Baydar çok iyi ifade etmiş. Bir-iki ekleme yapmak gerekirse, evet, çoğunluk veya baskın grup mensupları aralarında kimin azınlık olarak tarif edilen gruptan olduğunu bilmez, çünkü azınlığa mensup bireyler kendilerini gizlerler. O kadar ki, haksızlığa uğradıklarında bile, genellikle ortaya çıkıp haklarını açıkça savunmaktan kaçınırlar, çünkü bilirler ki, haklı olmalarının bir önemi yoktur, kolayca haksız duruma düşürülebilirler ve gördükleri zarar büyüyebilir. Onun için, çoğu zaman haksızlığı sineye çekmeyi tercih etmek zorunda kalırlar. Onlar haksızlığı sineye çektiği, itiraz edip sesini yükseltmediği için, diğerlerine ortada bir sorun yokmuş, herkes halinden memnunmuş gibi gelir. Nitekim, “Biz kimin kim olduğunu bilmezdik” diyenler, devam cümlesi olarak “Aramızda hiçbir sorun yoktu” da derler. Birileri itiraz edecek olursa, o zaman ‘sorun’ çıkar. O noktadan itibaren de, çoğunluk mensupları sorunun ‘birdenbire’ çıktığını düşünerek şaşırırlar, sorunun çıkışını bir dış etkene (nifak!) bağlarlar.

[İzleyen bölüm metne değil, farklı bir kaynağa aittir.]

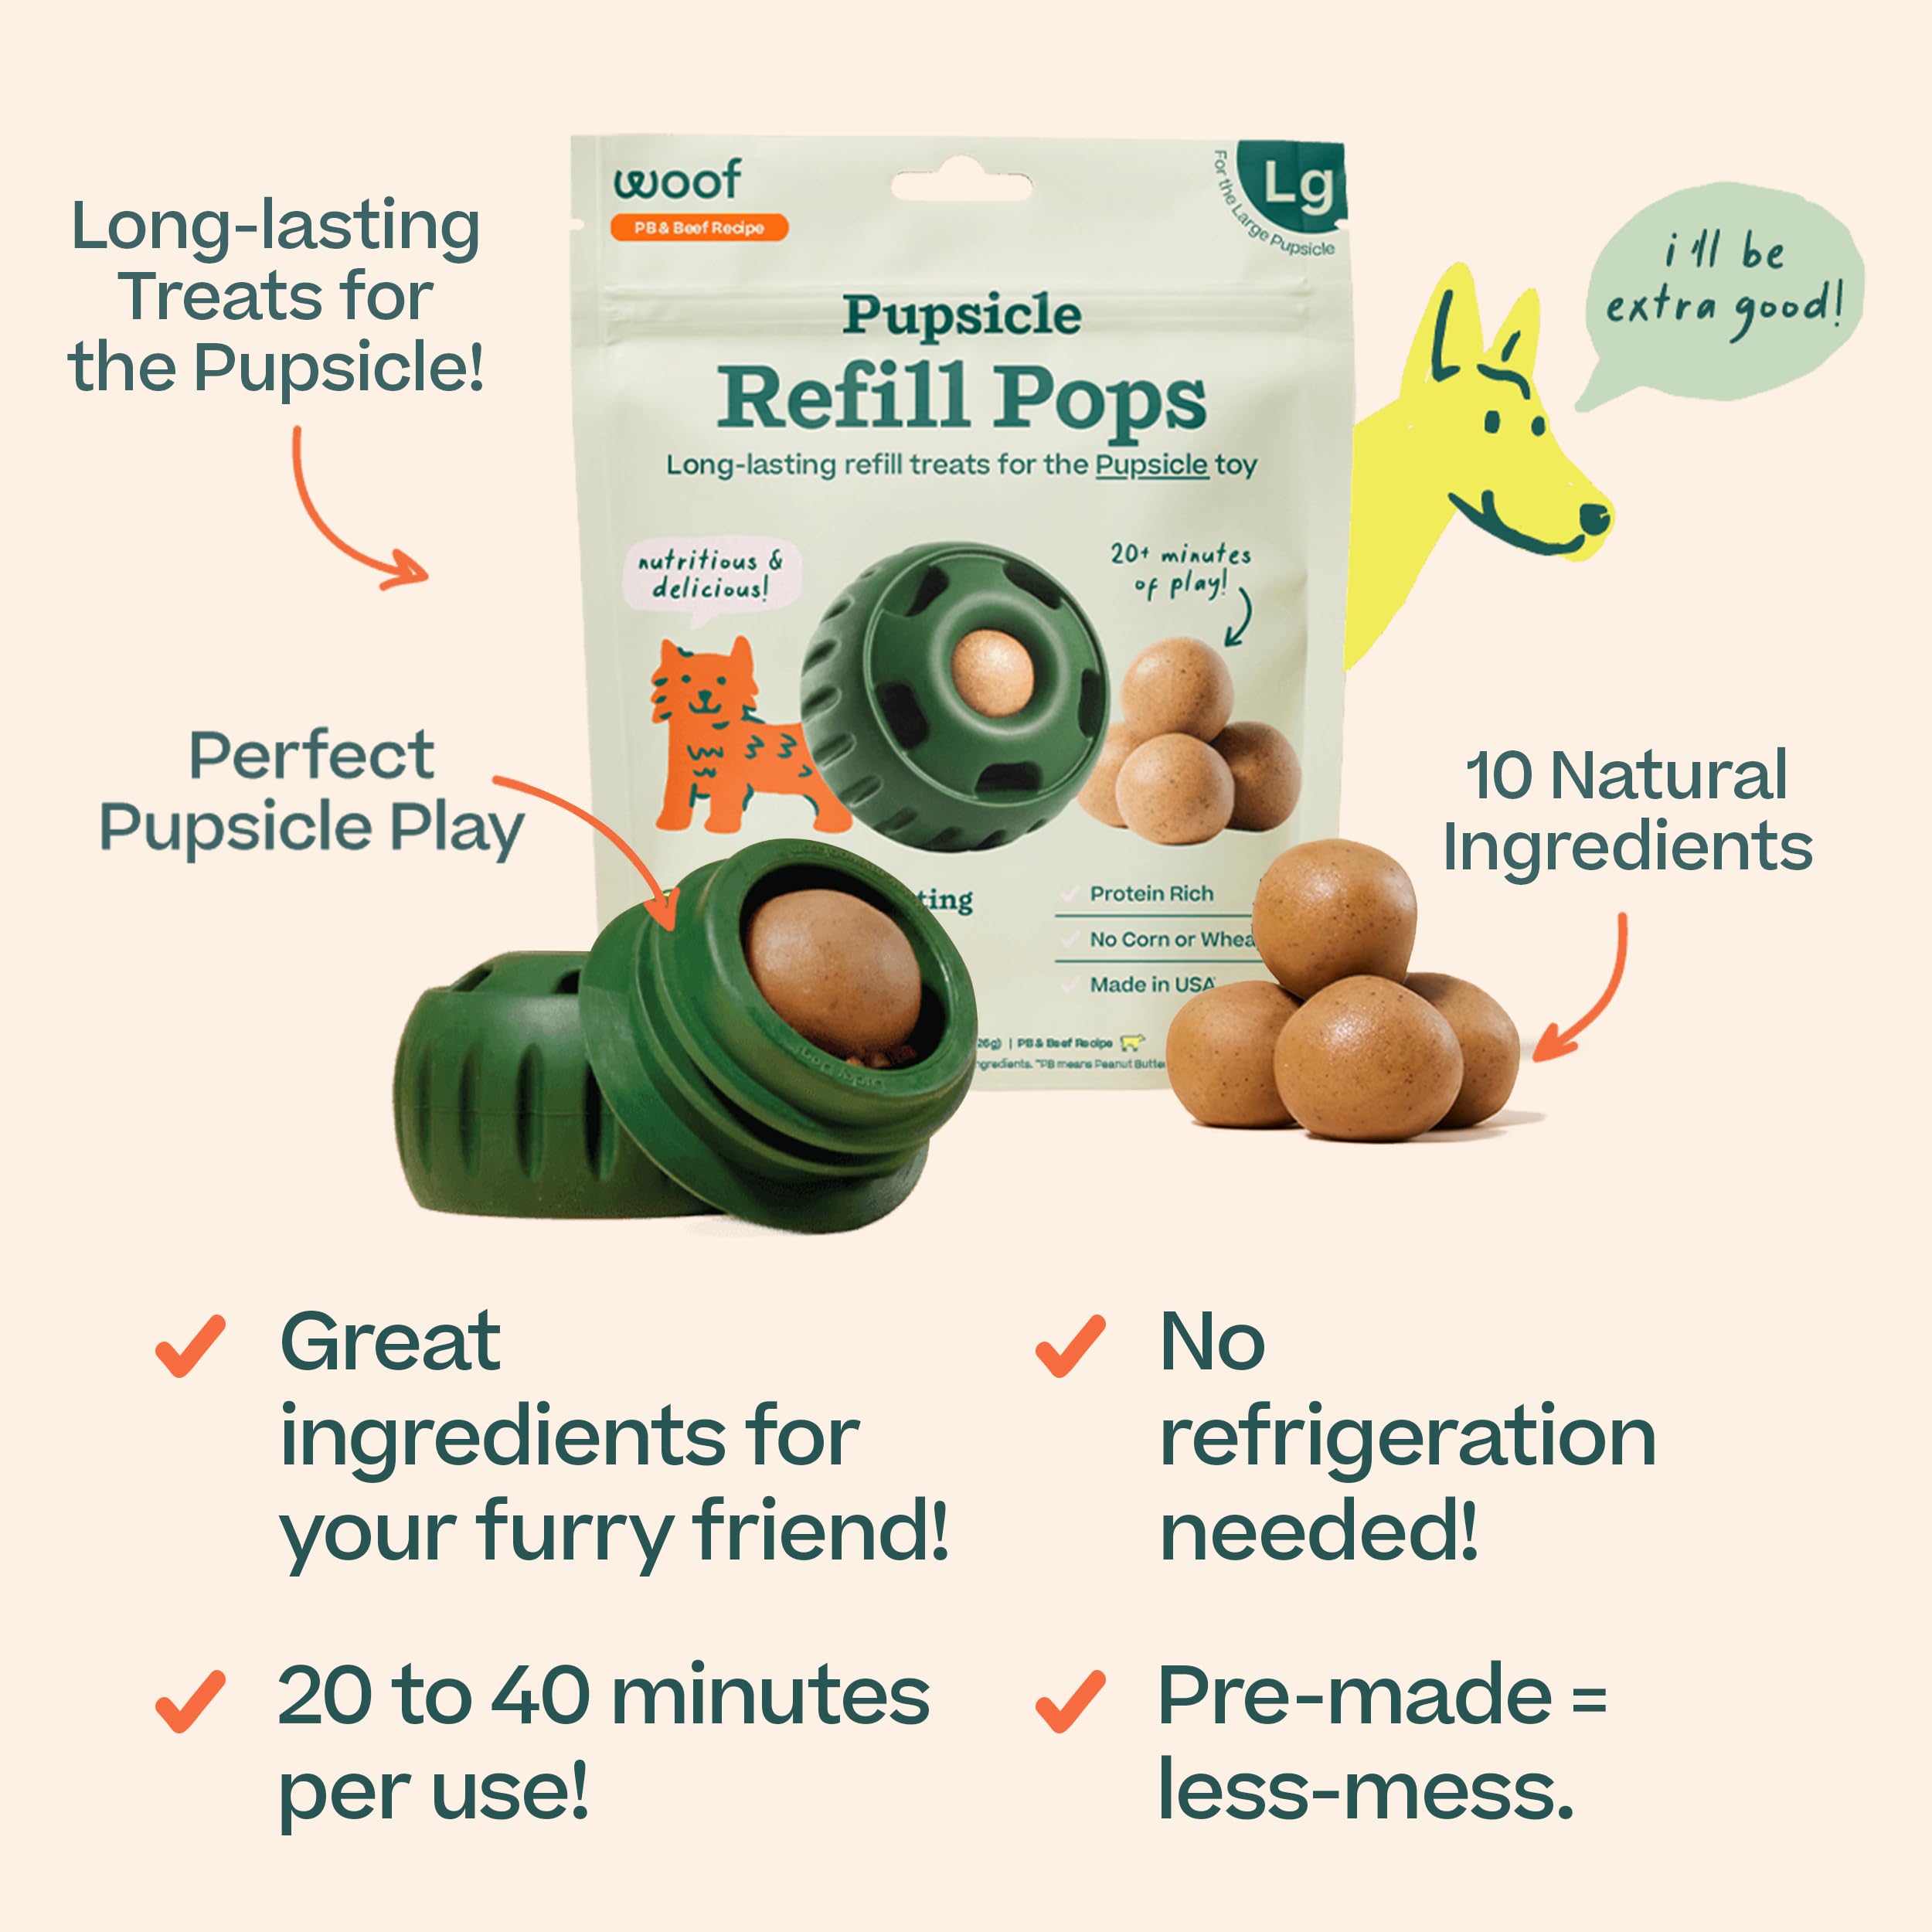 WOOF Pupsicle Pops, Delicious Long Lasting Dog Treats, Refills for The Pupsicle, Pre-Made Refill Treats for Dogs, Natural Ingredients, Low-Mess Beef Pet Treats - Large Pops - 7 Count

Altı çizilmesi gereken başka bir durum da, “Biz kimin kim olduğunu bilmezdik, ayrım yapmazdık” sözünün barındırdığı bir çelişki. Kimin kim olduğunu bilmez, herkes gözünüze aynı, yani kendiniz görünürse nasıl ayrımcılık yapacaksınız ki zaten? İnsan kendinden bildiğine değil, öteki olarak gördüğüne ayrımcılık yapar. Yani asıl marifet, farklılıkları görüp, bilip, tanıyıp ayrımcılık yapmamak.